But to date, the definite cause of MDD remains unknown. In recent years, the gut-brain axis has become a hot research topic, which is believed as one possible critical mechanism of affective disorders (Mayer et al., 2015). It has previously been reported that the GI microbiota can activate neural pathways and the central nervous system signaling systems, thereby affecting MDD-related symptoms (Foster and McVey Neufeld, 2013). However, it still remains unclear whether MDD patients with GI symptoms have brain imaging alterations. Structural (Bell-McGinty et al., 2002; Depping et al., 2016; Hyett et al., 2018) and functional (Bluhm et al., 2009; Guo et al., 2013b,Chen et al., 2015; Guo et al., 2018a) brain changes have already been reported in many previous studies of MDD. Meanwhile, some previous studies have reported structural and functional brain image changes in digestive system diseases (Kwan et al., 2005; Song et al., 2006; Blankstein et al., 2010; Skrobisz et al., 2020). Thus, some researchers tried to study whether MDD patients with GI symptoms exhibited abnormal brain imaging data and observed altered gray matter volume (GMV) and regional homogeneity (ReHo) (Yan et al., 2019; Liu et al., 2020). However, there are still few functional imaging studies conducted on MDD patients with GI symptoms, and the researchers did not further examine whether these abnormal GMV or ReHo could be used as good neuroimaging markers to discriminate the GI group from the non-GI group in both abovementioned studies.

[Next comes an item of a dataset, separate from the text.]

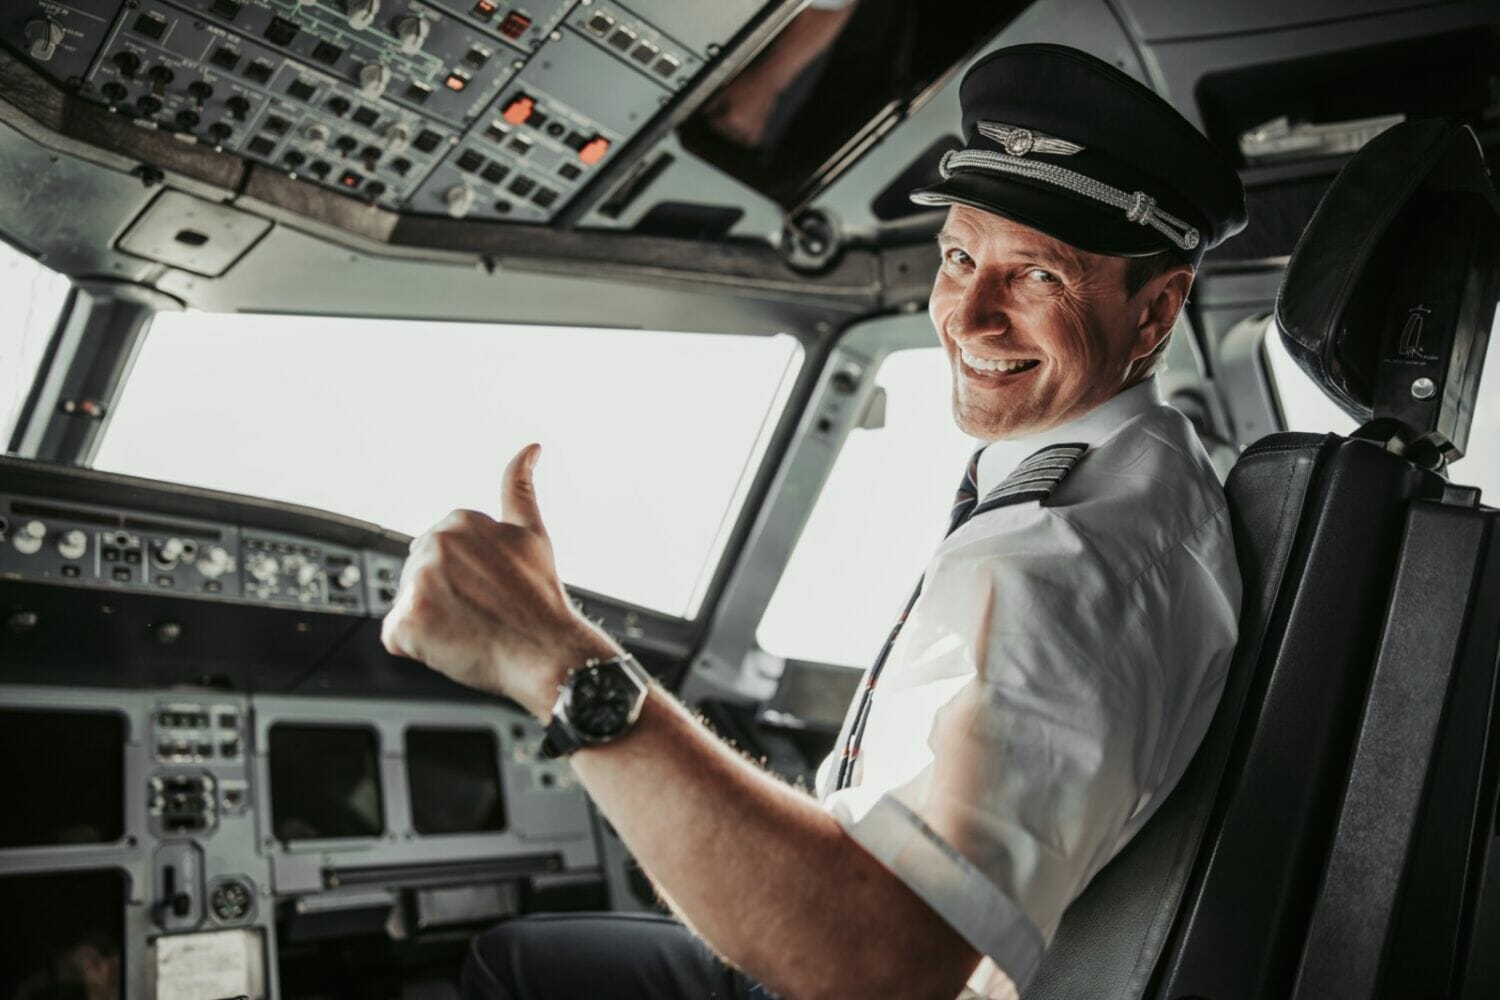 pilot-job-prospects-post-training-flightdeckfriend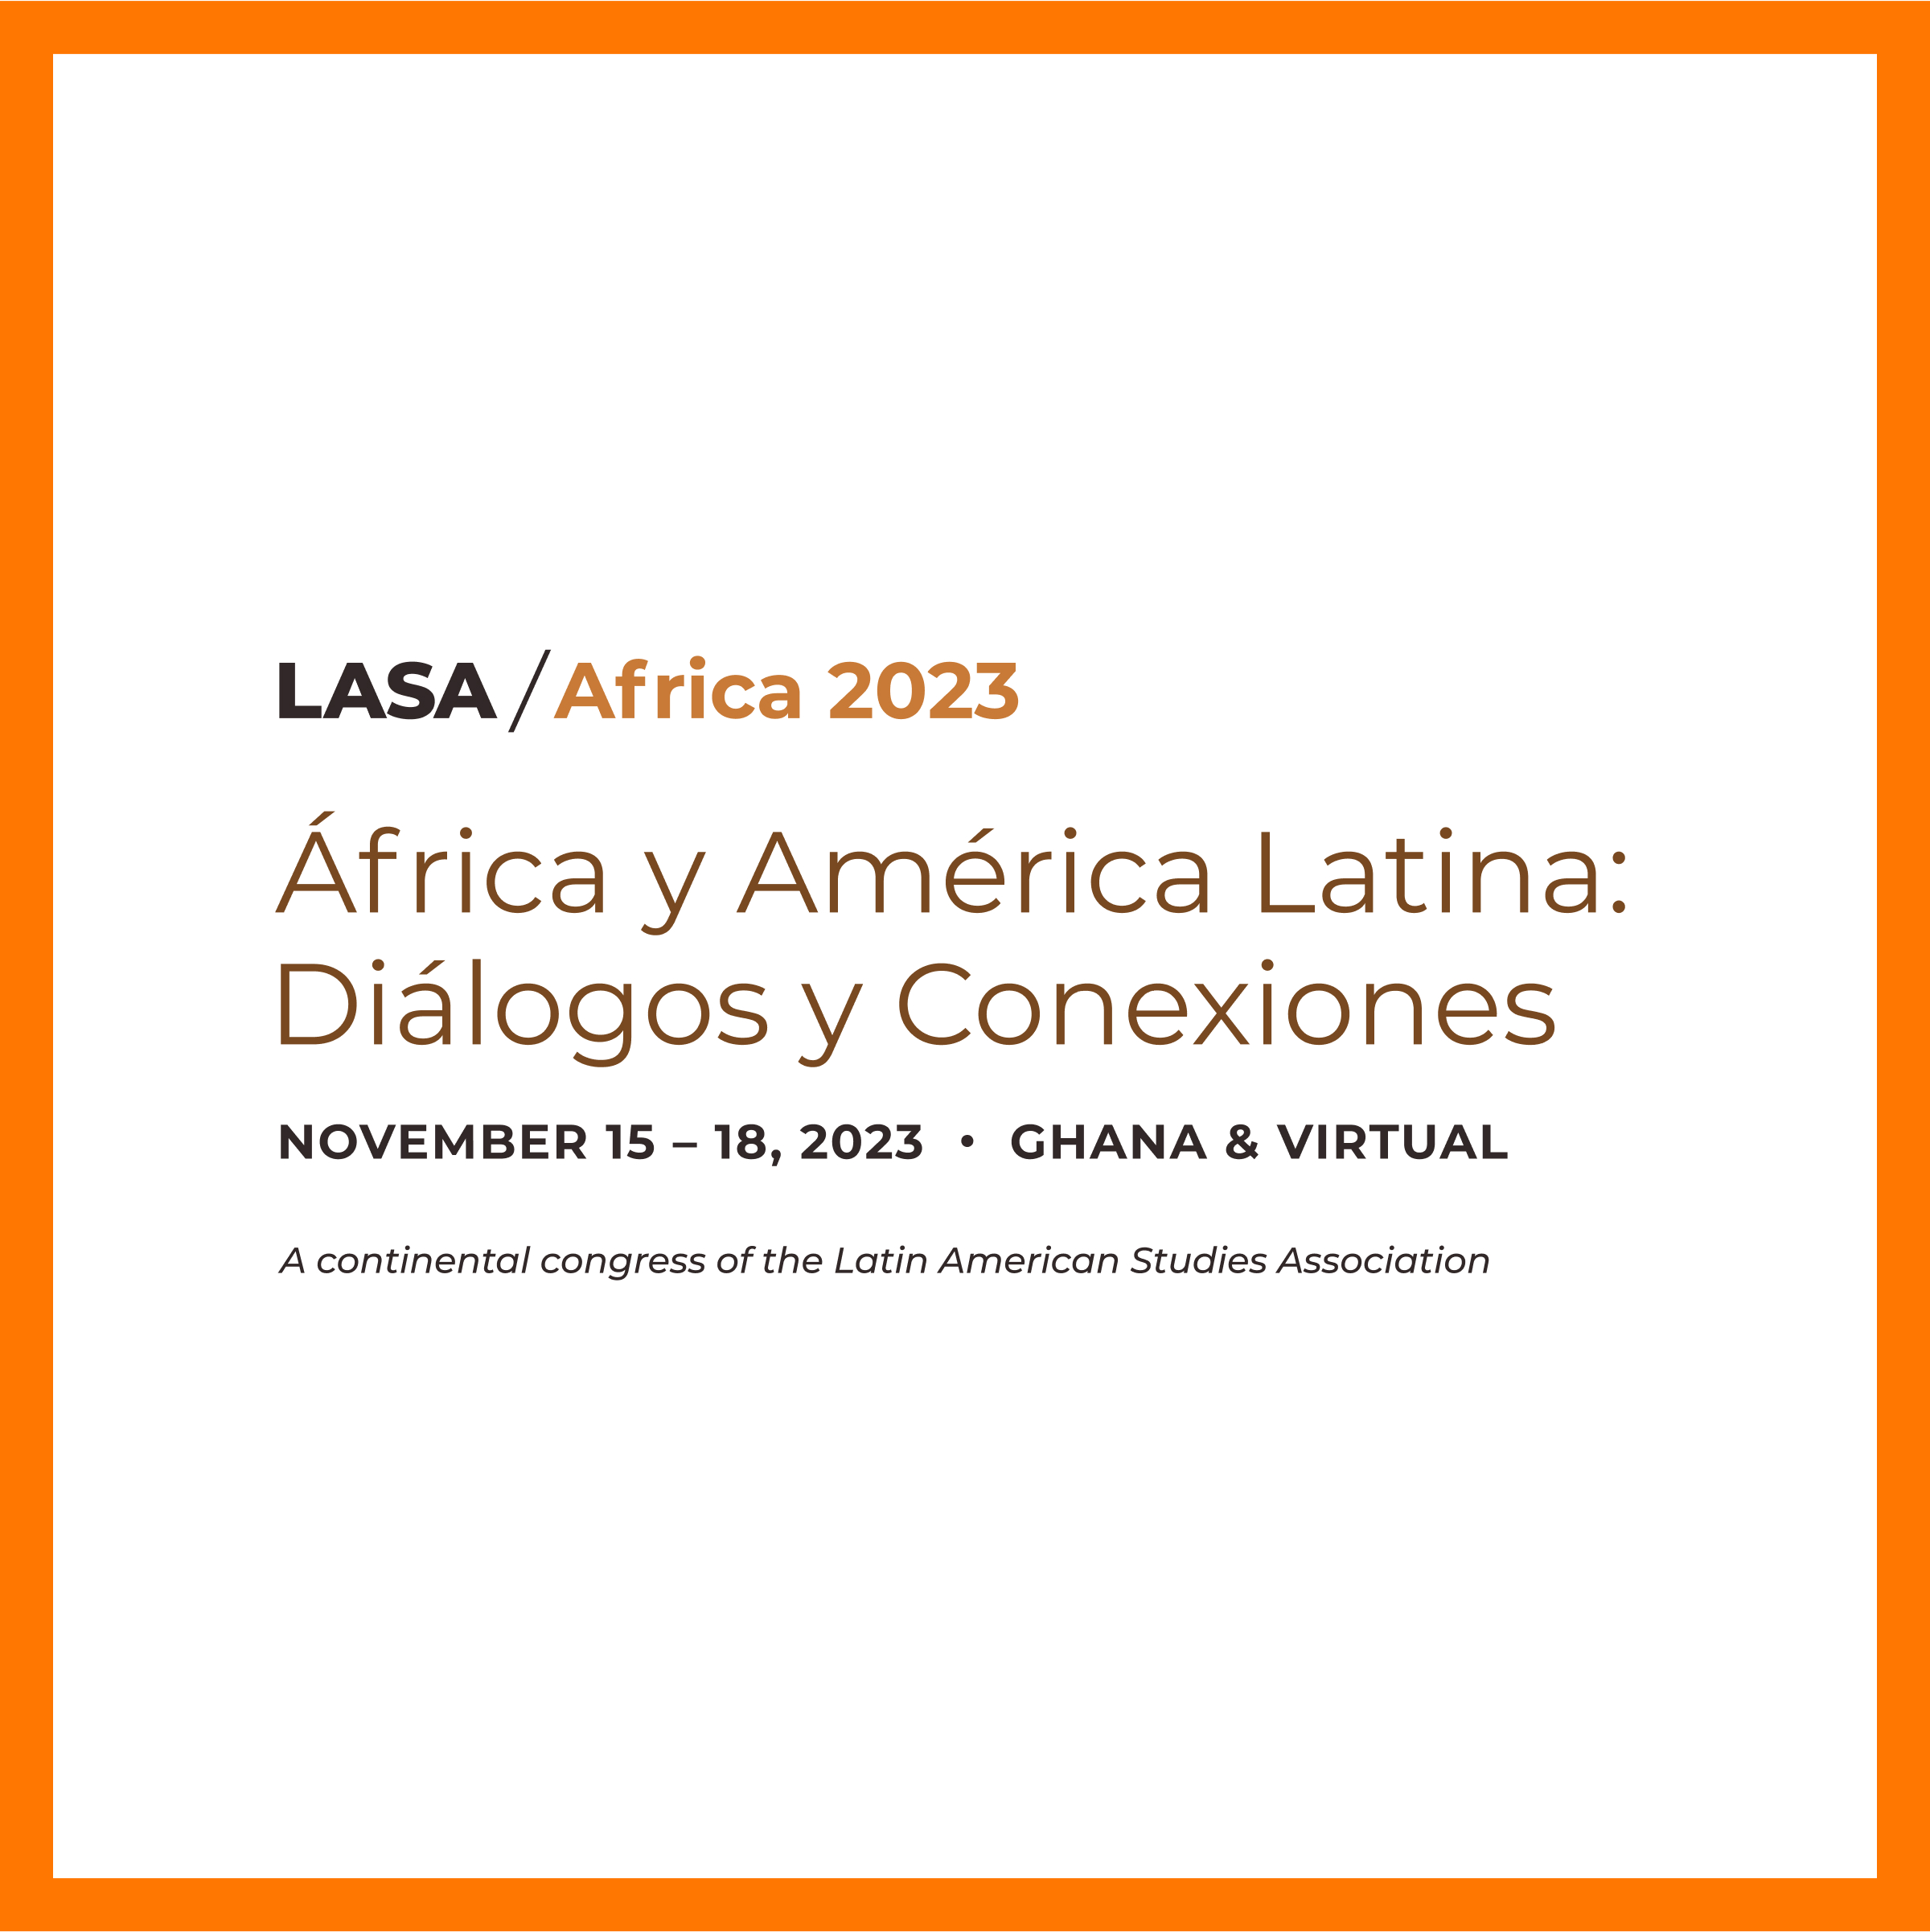 LASA/Africa 2023

The default mode network (DMN) is mainly composed of three subdivisions, namely, the ventral medial prefrontal cortex, the dorsal medial prefrontal cortex, the posterior cingulate cortex, and adjacent precuneus (PCu) plus the lateral parietal cortex (Raichle, 2015). Prior to this study, there have been many studies on the DMN of mental disorders, such as schizophrenia (Guo et al., 2014, 2015b; Hu et al., 2017; Hare et al., 2019; Fan et al., 2020; Martin-Subero et al., 2021), MDD (Guo et al., 2015a; Fang et al., 2016; Posner et al., 2016; Yan et al., 2019; Zhou et al., 2020), post-traumatic stress disorder (King et al., 2016; Miller et al., 2017; Viard et al., 2019), and attention deficit hyperactivity disorder (Sidlauskaite et al., 2016; Bozhilova et al., 2018). The increased amplitude of low-frequency fluctuation and functional connectivity (FC) in the DMN have been reported in patients with ulcerative colitis (Fan et al., 2019). Visceral sensory abnormalities are very common in IBS (Song et al., 2006). The DMN plays a critical role in gastric sensations (Skrobisz et al., 2020). A previous study has suggested that somatic symptom disorders may be associated with altered processing of sensory discrimination of pain and other somatic symptoms (Kim et al., 2019). It was indicated that brain areas involved in the process of pain sensory shifted to those involved in the subjective states of emotion and motivation in the majority of chronic pain diseases (Apkarian et al., 2011). Moreover, chronic visceral pain might lead to functional reorganization in the DMN (Farmer et al., 2012; Qi et al., 2016; Kano et al., 2018). Therefore, the abovementioned studies indicated that the DMN may change with the onset and development of GI symptoms. Thus, we were curious about whether there were special brain imaging changes of the DMN in these MDD patients with GI symptoms.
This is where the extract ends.